> INSTRUCTIONS FOR THE TASK: Copy out the full listing below as it stands, with its pictures left behind.

> DATA EXCERPT:
......
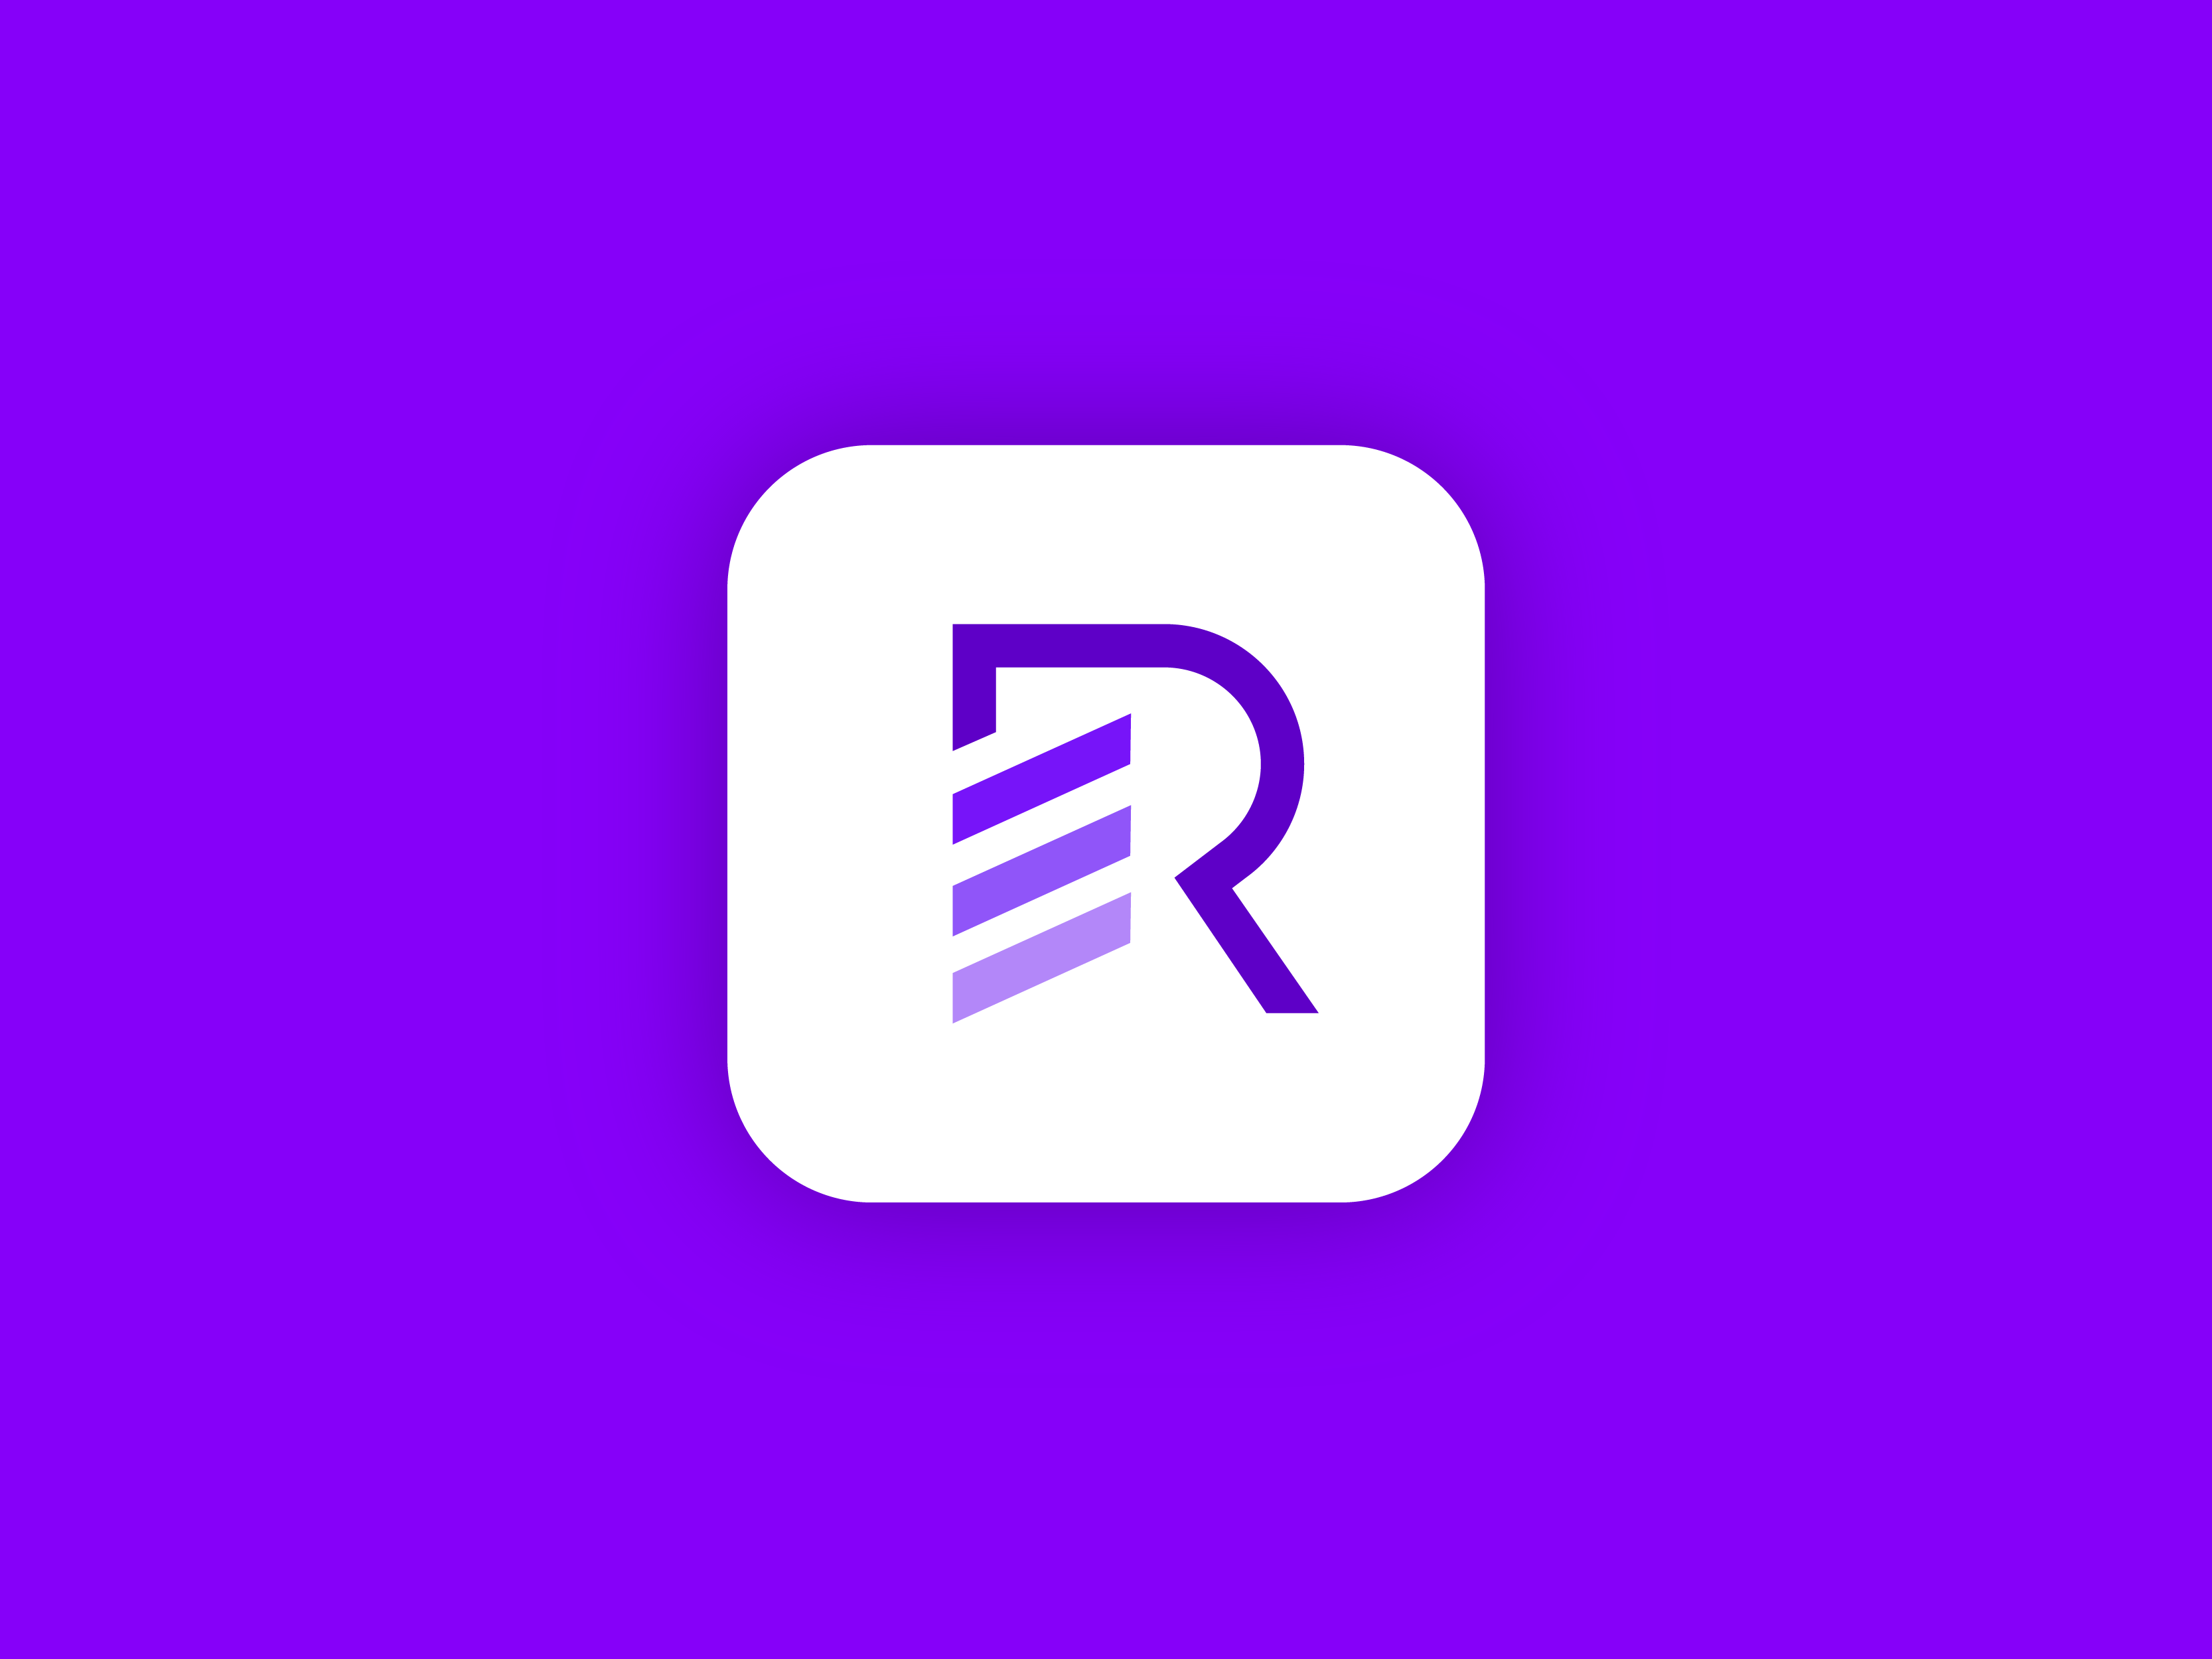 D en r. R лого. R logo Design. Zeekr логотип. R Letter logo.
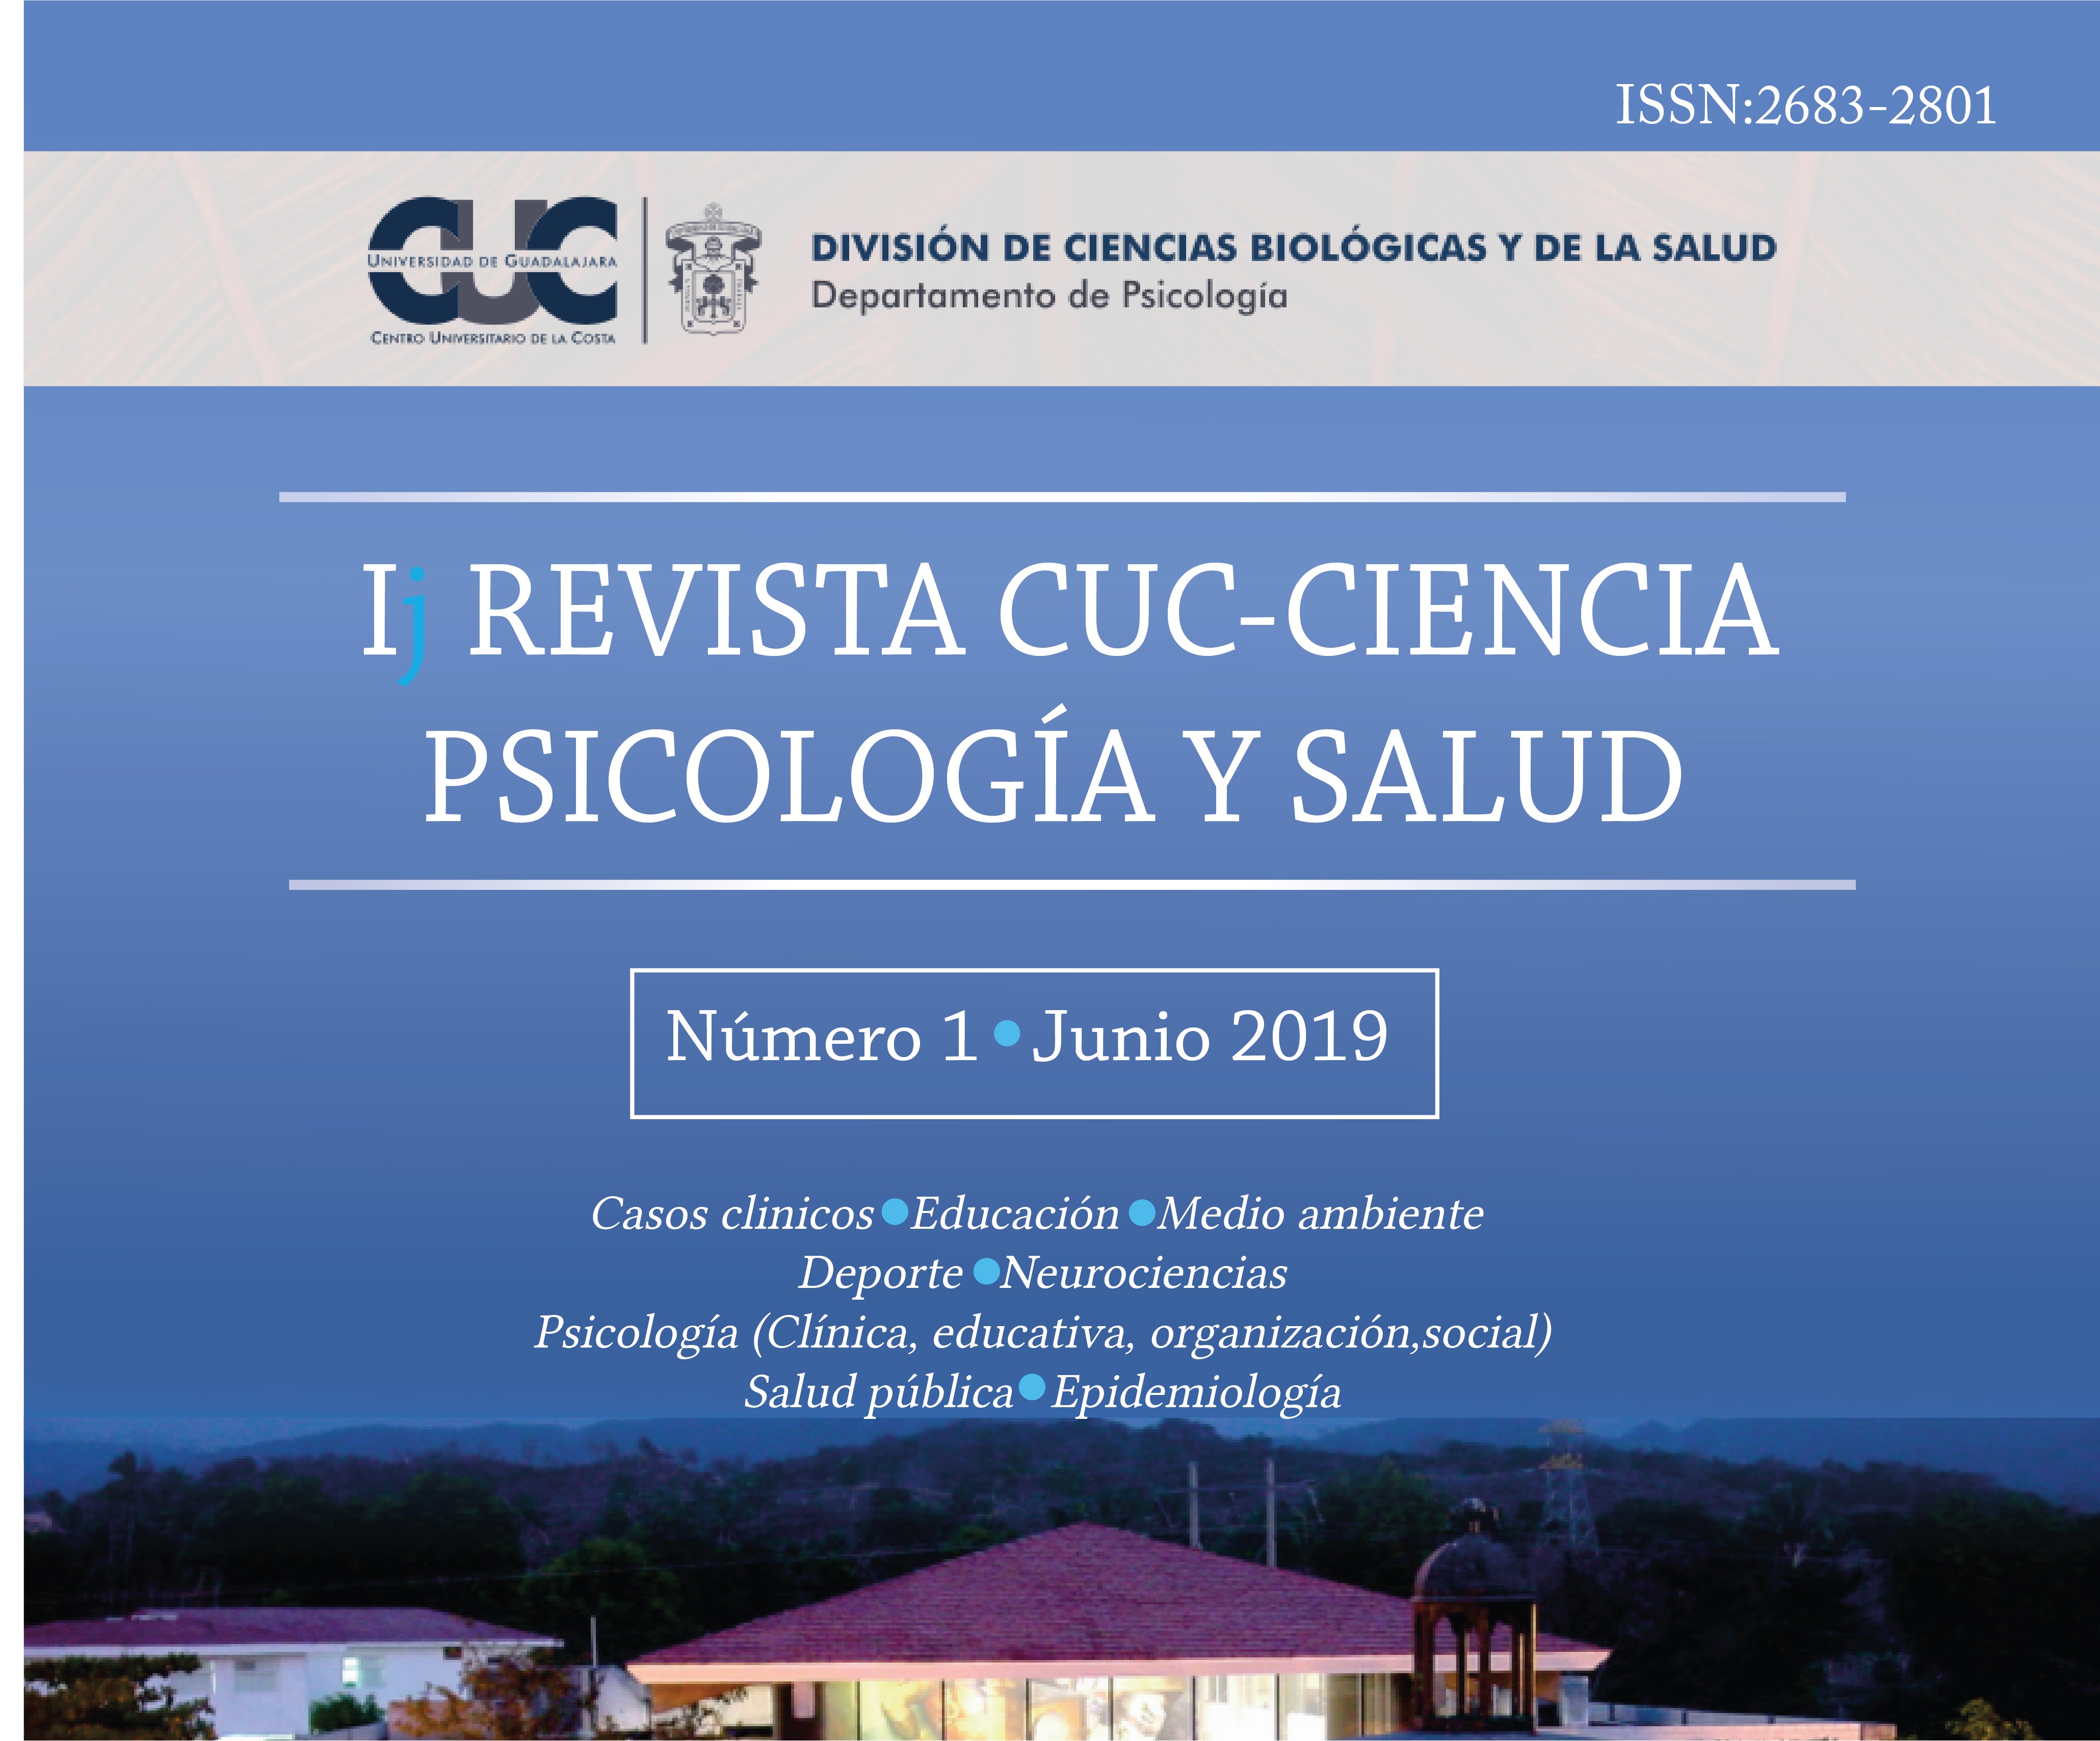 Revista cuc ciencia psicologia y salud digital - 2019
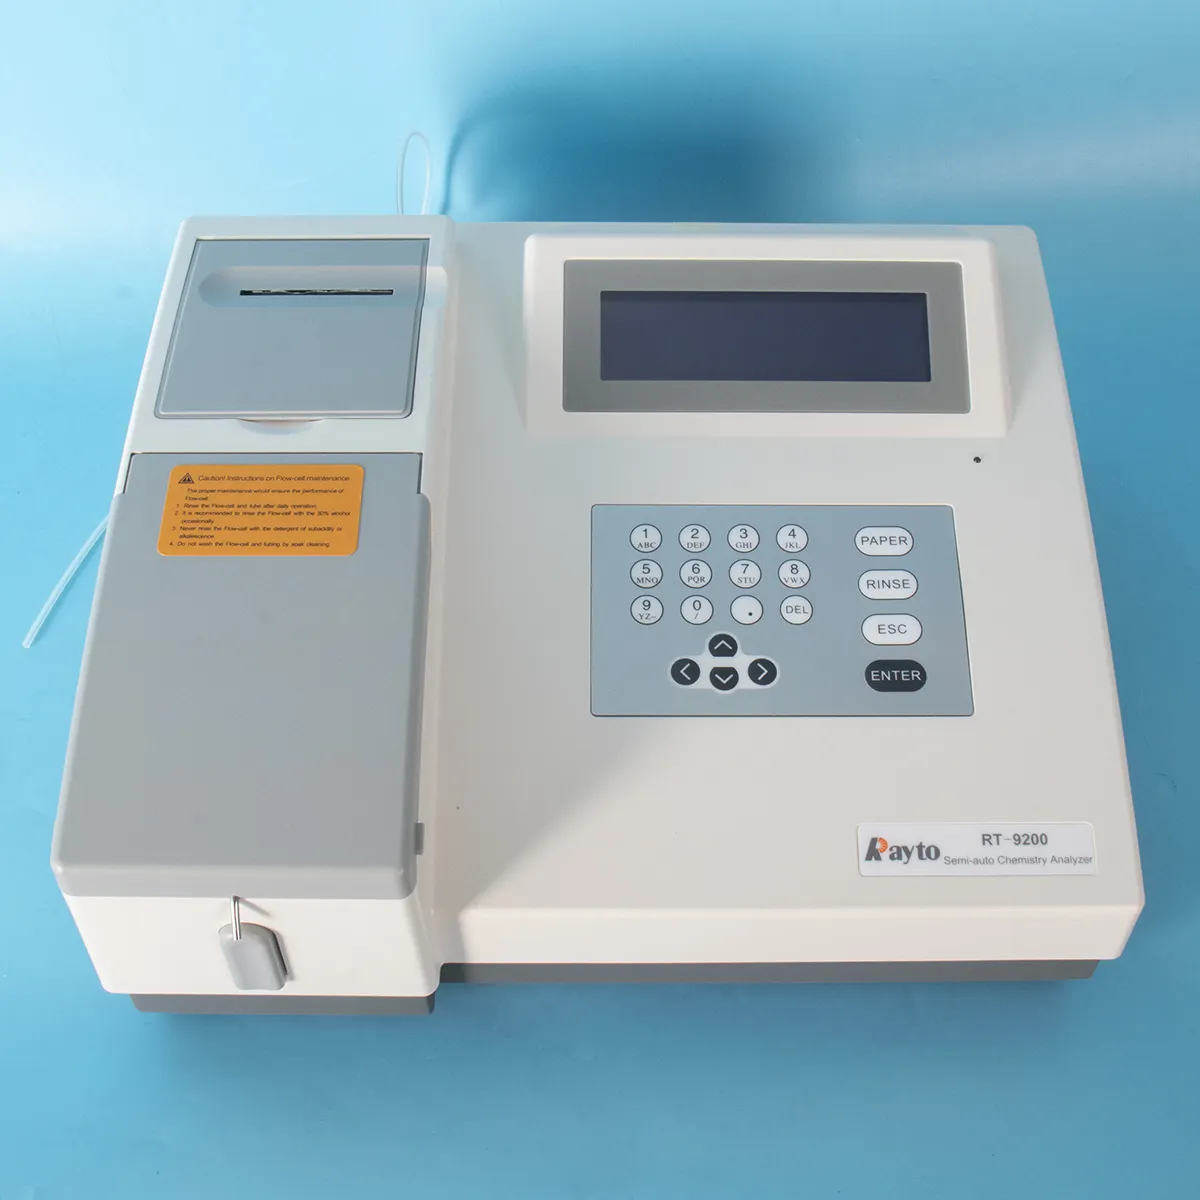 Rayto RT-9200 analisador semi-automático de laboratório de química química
......
> REPLY TO THE TASK:
 D en r. R лого. R logo Design. Zeekr логотип. R Letter logo.
 Revista cuc ciencia psicologia y salud digital - 2019
 Rayto RT-9200 analisador semi-automático de laboratório de química química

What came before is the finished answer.